Eddy Brown was the pilot of the Puma.  An ex South African Air Force officer, Brown is probably one of the country’s most experienced Puma pilot.  Whilst hovering, Brown noticed an object flying up in the corner of his eye.  He immediately asked flight engineer, Les Beetge, what the item was.  At that moment, the tail rotor disintegrated at which Les announced that the tail rotor was gone.  Realising that the importance of controlling the direction of the aircraft’s downward travel was critical to the crew’s survival, Brown slammed the aircraft directly into the deck.  Had he delayed for even a few seconds, the aircraft could probably have hit the water on either side of the vessel or the bridge structure; eventualities that may have possibly seen a tragically different outcome. 
 
Marcell Naude is an active paramedic contracted to the project through EnviroServ Hazmat.  At the time of the accident, Naude was in the aircraft and one of the first to disembark.  Directly following his escape, Naude called for a diving knife to free Les Beetge; eventually not required.

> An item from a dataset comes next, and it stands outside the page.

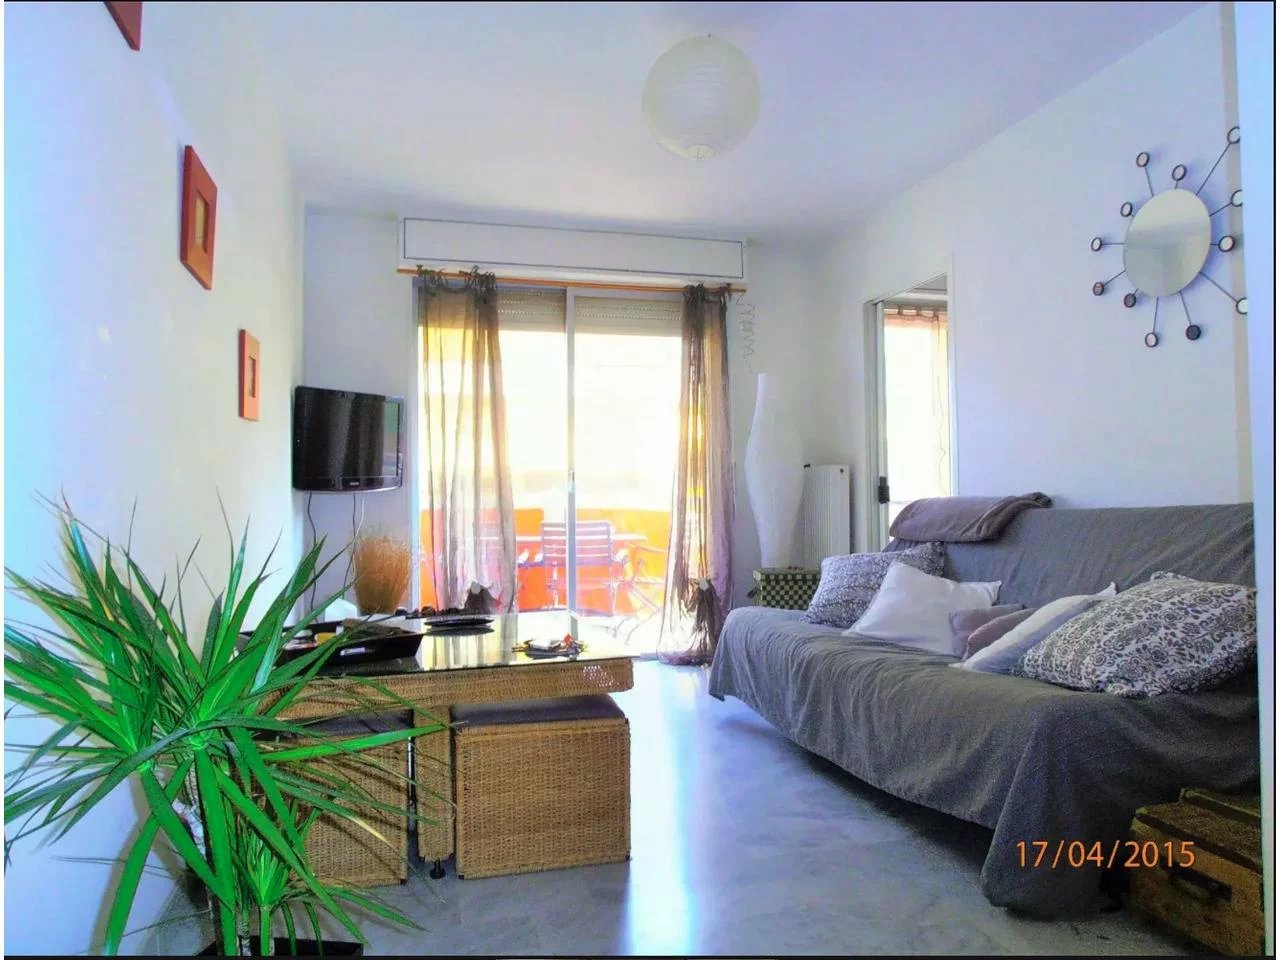 Appartement  1 Locali 31.27m2  In vendita   130 000 €

Immediately after the worst of the fire; Naude proceeded to stabilise, demobilised and package the most serious of the injured as well as treat the most acute of the walking injured.  It should be mentioned that Naude was able perform his duties even though his jump bag, drug kit and pulse oximeter were burnt in the wreck.  Naude also took charge of his duties though being a victim himself. 
 
To be mentioned in this context are the actions of divers Piet Uys and Abie Retief that, though both injured themselves, made several exhausting trips to and from the bridge to shuttle emergency medical equipment and rescue stretchers required by Naude and his medical crew. 
 
For 74 days the standby rescue boat ‘My Lady’ had little more to do than provide early morning and late afternoon cover when the daily staff shuttles arrived and departed.  In less than 10 minutes, the vessel would justify its existence a thousand fold over.  Crewed by skipper, Karl Niemans and salvage diver, Bertus Classens, ‘My Lady’ was holding off on the shore-side of the vessel on the morning of the accident.  On witnessing the Puma’s decent, the crew immediately mobilised to the opposite side of the vessel where they found two bodies and in the water where they recovered an almost unconscious and severely shocked salvage chemist Wolter van der Press and immediately afterwards flight engineer Dave Peterson suffering from burns and shock.  Later the morning, ‘My Lady’ would be instrumental in ferrying the majority of the crew to shore and rescue crews from shore to the vessel.  A footnote should also be given to the St Lucia lighthouse warden Japie Greeff and his wife that witnessed the accident and ensuing fire and continued to calmly notify the Smit ops room and Port of Richards Bay of the accident followed by serving for several hours as observation post and communications relay.  Their 18-year old son, Heyman Greeff was on the aircraft that morning to start a week of part-time work.   
 
Summary
Individually and collectively the unselfish actions by a crew, themselves as much victims as rescuers, came together to produce an outcome of events that borders on the miraculous considering both the locations and the fact that helicopter accidents are by their nature almost always fatal.  Of special mention are the actions of Simon Papenfus that placed himself willingly and knowingly in harm’s way.  Had it not been for his actions, Les Beetge would surely have perished. 
 
The entire Smit Salvage team of 23 November was nominated for the Debis Award.